As if this were not enough, I was given access to Reddit Pro, a year of Reddit Premium/Gold (I think by an admin, perhaps just to mock me), right after I was permanently banned; then I was invited to an online conference, with the promise that I would receive a Snoo plushie afterwards. When they asked me if I wanted it, and I said yes, they declined. This is perhaps the only thing I’m actually hurt about.

Following that, I contacted Support through Reddit Pro, which was escalated to three people pretty high up in Reddit’s administration, and they just ghosted me after my appeal was denied.

Given that I’m actually going to end up being famous in this worst-case scenario after I give a televised speech (and the better end to this would simply to become rich and not-famous), and given that my words are going to have a certain weight to them for the rest of my life following this speech, Authentication and Trust are prime in my online dealings.

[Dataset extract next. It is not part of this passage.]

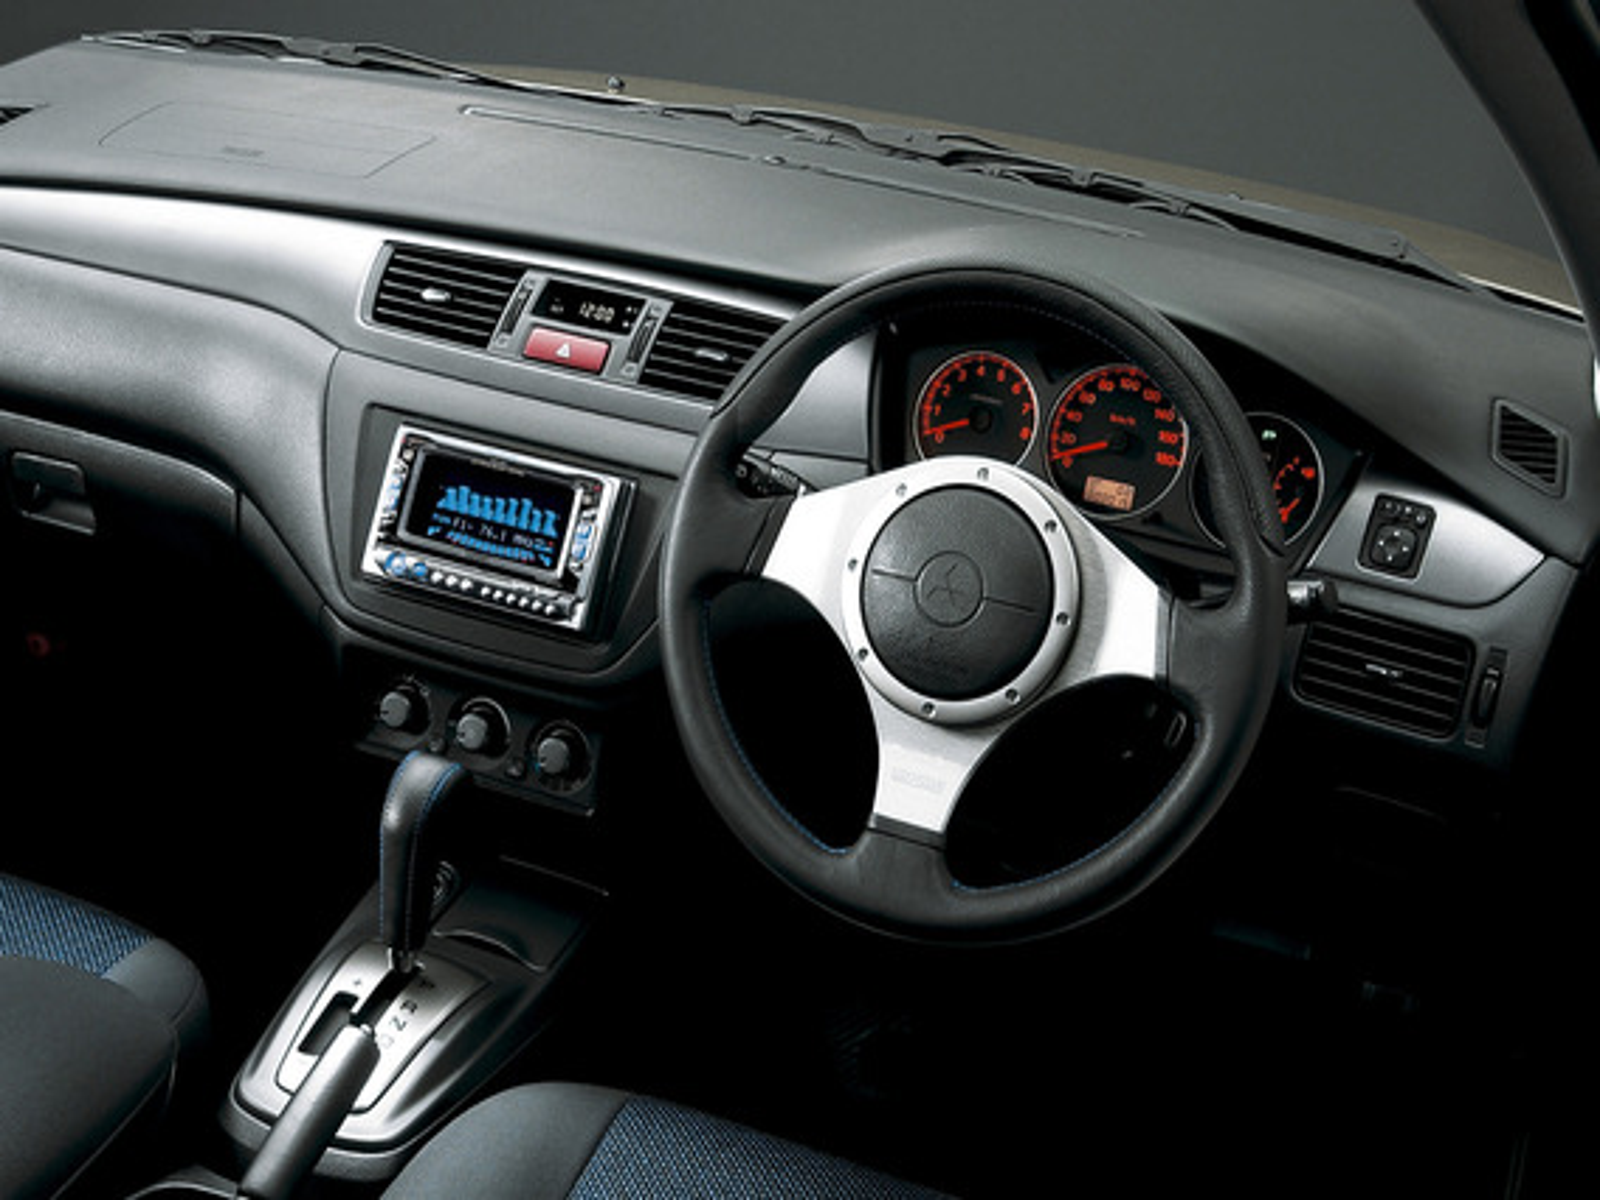 Замена лампочки в блоке климат-контроля на Mitsubishi Lancer 9

Reddit’s data seems easily-altered and its support is nonexistent and/or hostile to me.

Final verdict: No


Twitch

Functionally it’s probably the best, and I have no real problem with it. It may be useful.

Final verdict: Acceptable


YouTube

Useful. YouTube fucked me out of some money, but, in general, it’s a utility more than anything else. I can’t really hate it.

Final verdict: Yes, Main


Twitter

It’s getting better, but I have no respect for the idea of it. It’s fun, though. I’ve styled it to look like Arcadium. It makes me feel better.

Final verdict: Yes, Main


Facebook

Final verdict: No


Pinterest

Final verdict: No


Bluesky

Increasingly useful.

Final verdict: Yes, Main


TikTok

I’m very angry at its support. The app, however, is fun, but I do not intend on using it for anything until after I’m famous again.

Final verdict: Toy

Reverse

So.

For so long, I wanted to do something. That something was First Contact.

The idea was, I would get to do something really amazing, really fun, and then. I would have the spotlight. Everybody would have to see me.

This morning I get woken up and told to google UFO news. So, an ex-CIA operative, or somesuch, confirmed basically everything I’ve been saying. It’s in the news.

And I was happy.

For a second.


Uh oh.

The problem with being right is that people think that you have some sort of moral authority to lead. The closer I get to this, the more I realize that I’m going to be put in charge of something. The more that people realize that I know— I’ll just say it right now, there are people who are starting to realize that I’m telling the truth.

That’s bad.

That’s bad because I don’t want this.

All I wanted was to see a space alien again. One particular space alien.

I didn’t want fame. I didn’t want fortune. I didn’t want to ‘be known’.

Because it fucks your SEO up. It fucks my SERP up. It fucks up everything that I want— I’m this close to having a Wikipedia page. I don’t want that.

I’ve spent so long trying to get Verified that I didn’t realize that the very act of being Verified, not only is the antithesis of who I am (I knew that, but), but that… it places me in a position that I don’t want to be in.

I never wanted ‘power’. I wanted power over the course that my life took, and it had nothing to do with being puppeted by various different human interests.

The day is coming that I’m going to be believed, fully, and the best thing I can do is get the fuck out of the way and dodge before they put a leash on my neck. That leash being responsibility.

Not my circus. Not my monkeys.

There was a time that I wanted to help.

But I ain’t gonna be humanity’s bitch.

The next step is to figure out how to escape.

Escape will make me not God, but it’ll definitely make me happy.